The *competition ball* (or *shot*) is heavier,  it weighs 7.260 kilograms, and *this year's shot-put record* is next to 16 meters. 
_
(Shot put - OG 1928 Amsterdam: 1. John Kuck USA *15.87 m WR*; OG 1932 Los Angeles: 1. Leo Sexton USA 16 m, ..., 3. František Douda CZE 15.61 m).


----------



## Enquiring Mind

Perhaps it's worth pointing out that Hejda had already set the context a couple of sentences earlier, so having established a comparison with putting the shot, Hejda then goes on to specify which particular kind of projectile he's talking about: the competition shot, not the 12-lb stone that he struggled with for two days. The use of "ona" (ona závodní koule) helps to emphasise that he's talking about a particular type of projectile - the shot used in competitive shot-putting.

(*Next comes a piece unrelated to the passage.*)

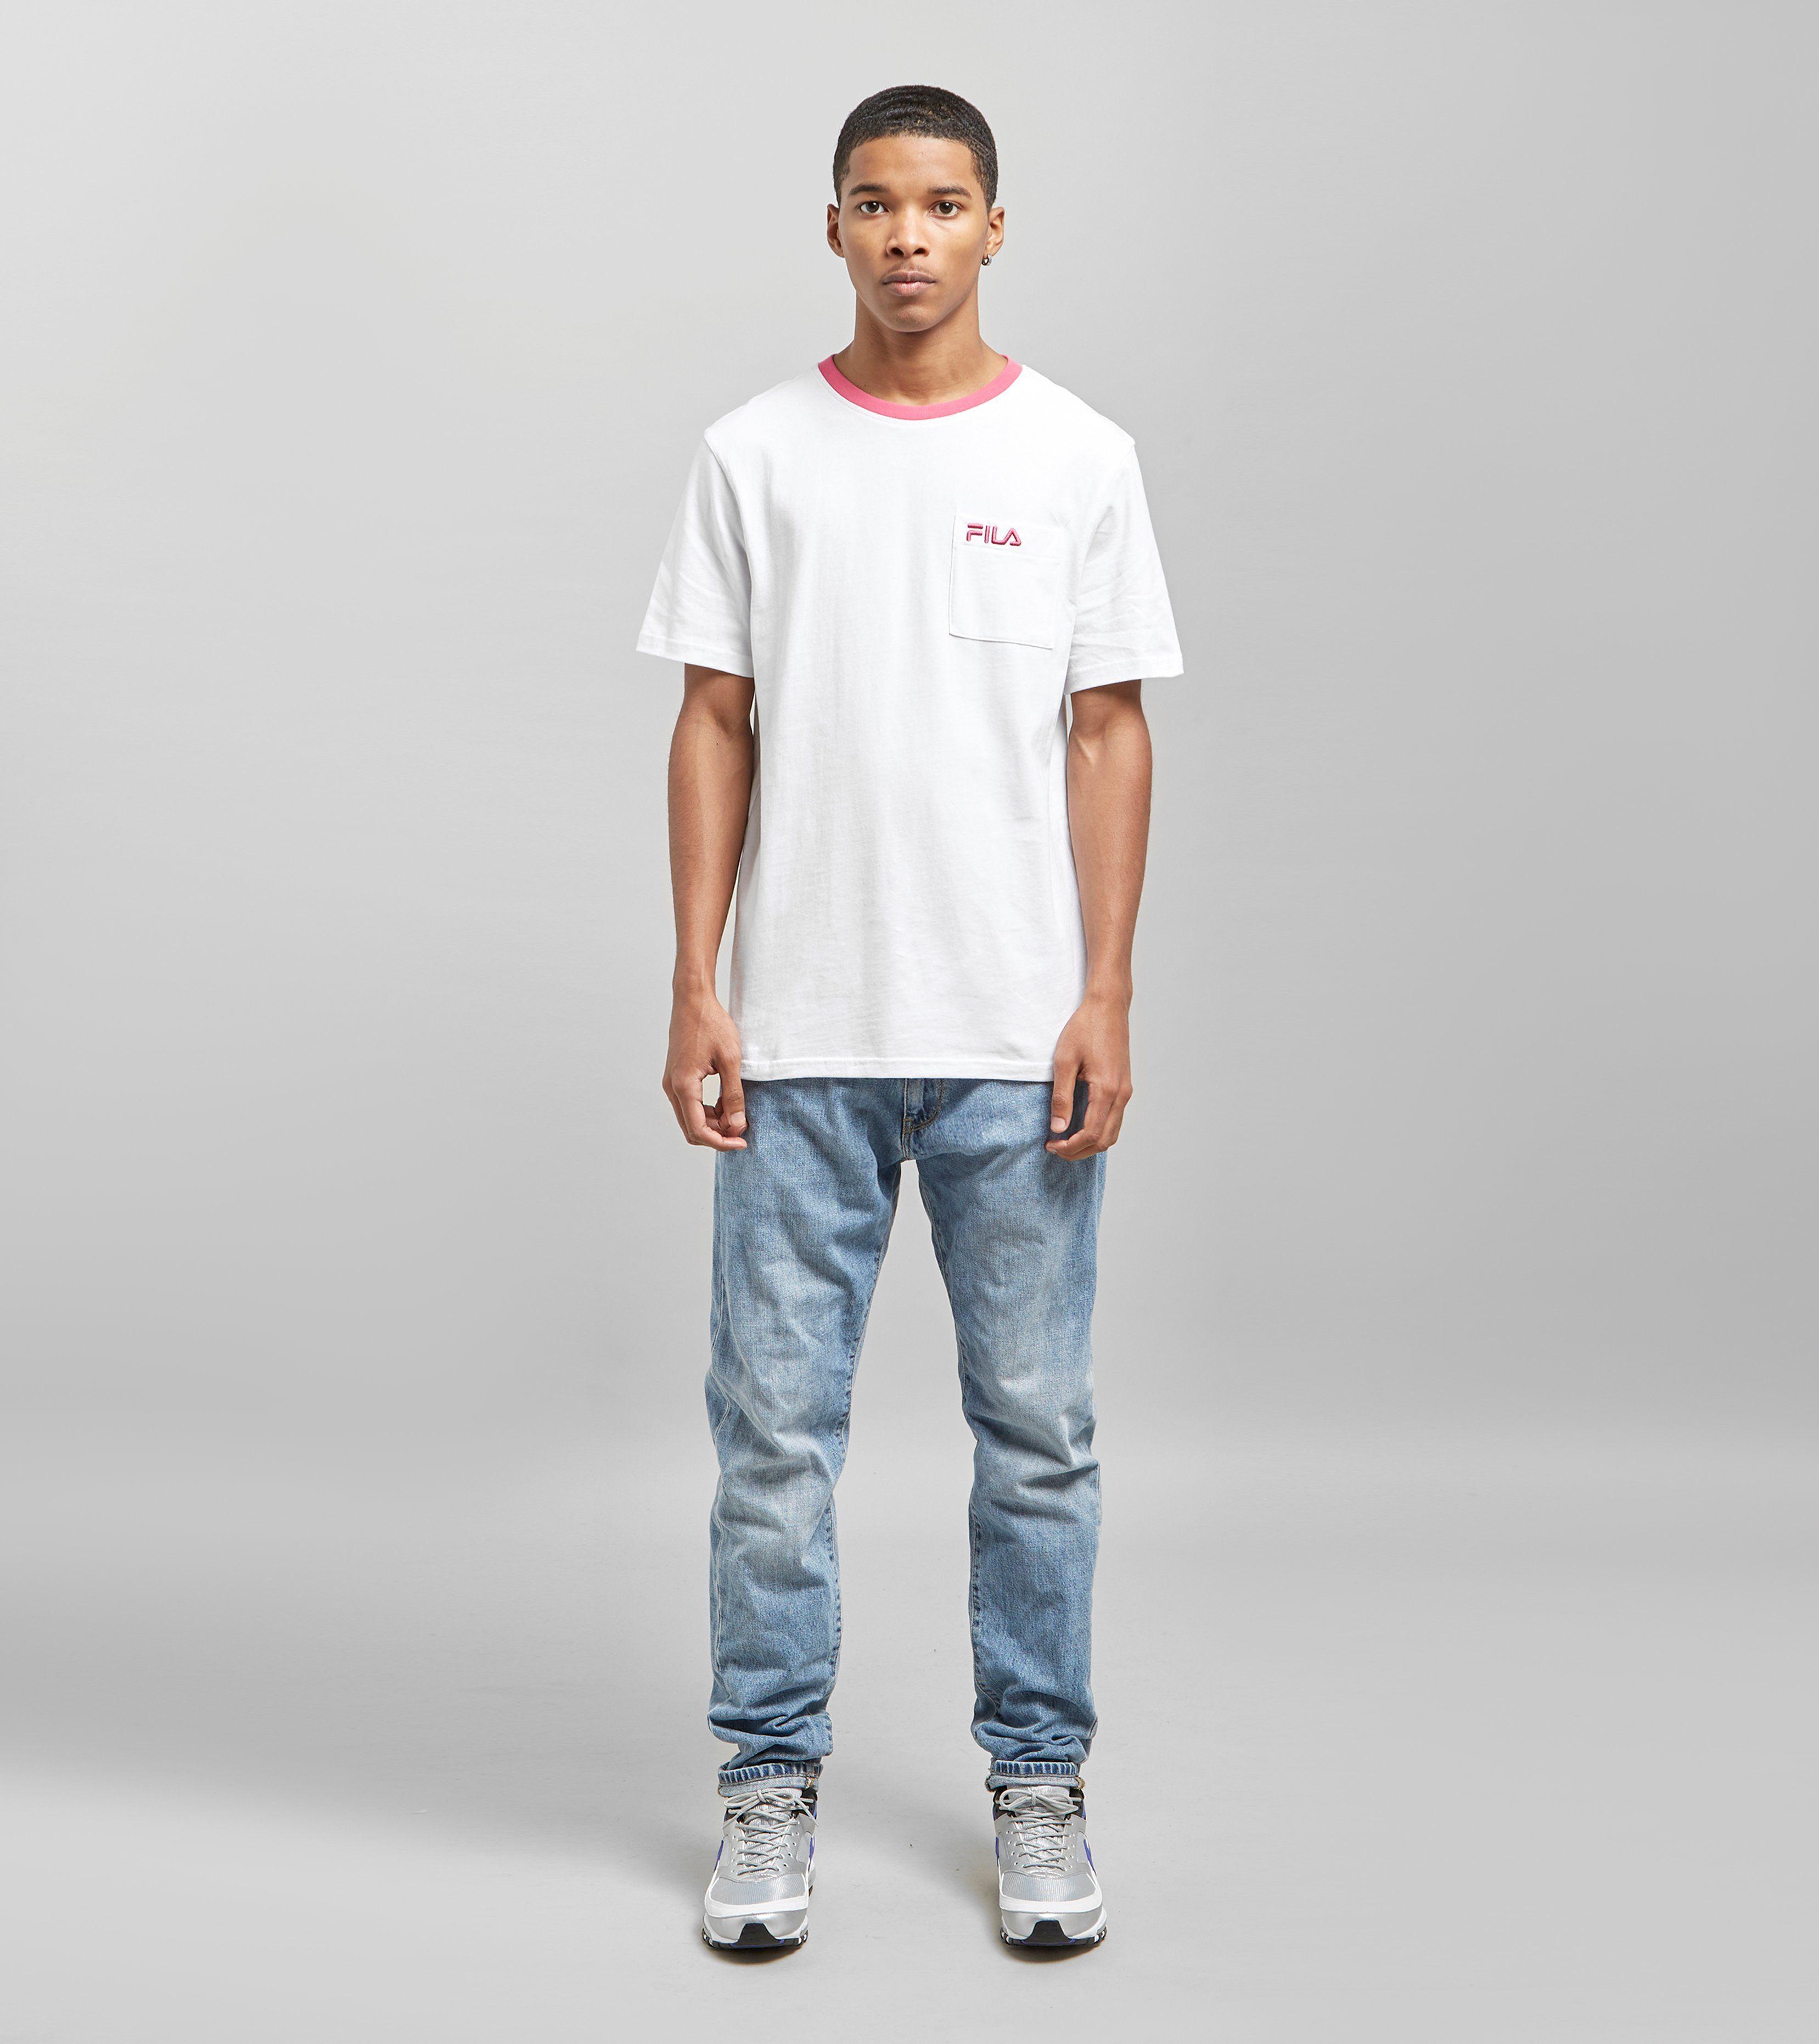 Fila T-Shirt Bondone - exclusivité size?

_"Tak to zkuste vystřelit z praku dvanáctiliberní kámen; to byste musel mít katapult. Pane, já jsem se s tím kamenem dřel dva dny; zkoušel jsem udělat nějakou smyčku a roztočit jej, víte, jako při vrhu kladivem; já vám říkám, to vám vyklouzne z každé smyčky. Pane, to byl čistý vrh koulí. A víte," vyhrkl rozčileně, "víte vy, co to je? To je světový rekord. Tak."
"Ale dejte pokoj," užasl pan soudce.
"Světový rekord," opakoval četník Hejda slavnostně. "Ona závodní koule je těžší, váží sedm kilo; a letošní rekord v závodní kouli je šestnáct metrů bez nějakého centimetru." _(source: cesky-jazyk.cz/citanka/karel-capek/rekord-povidky-z-jedne-kapsy)


----------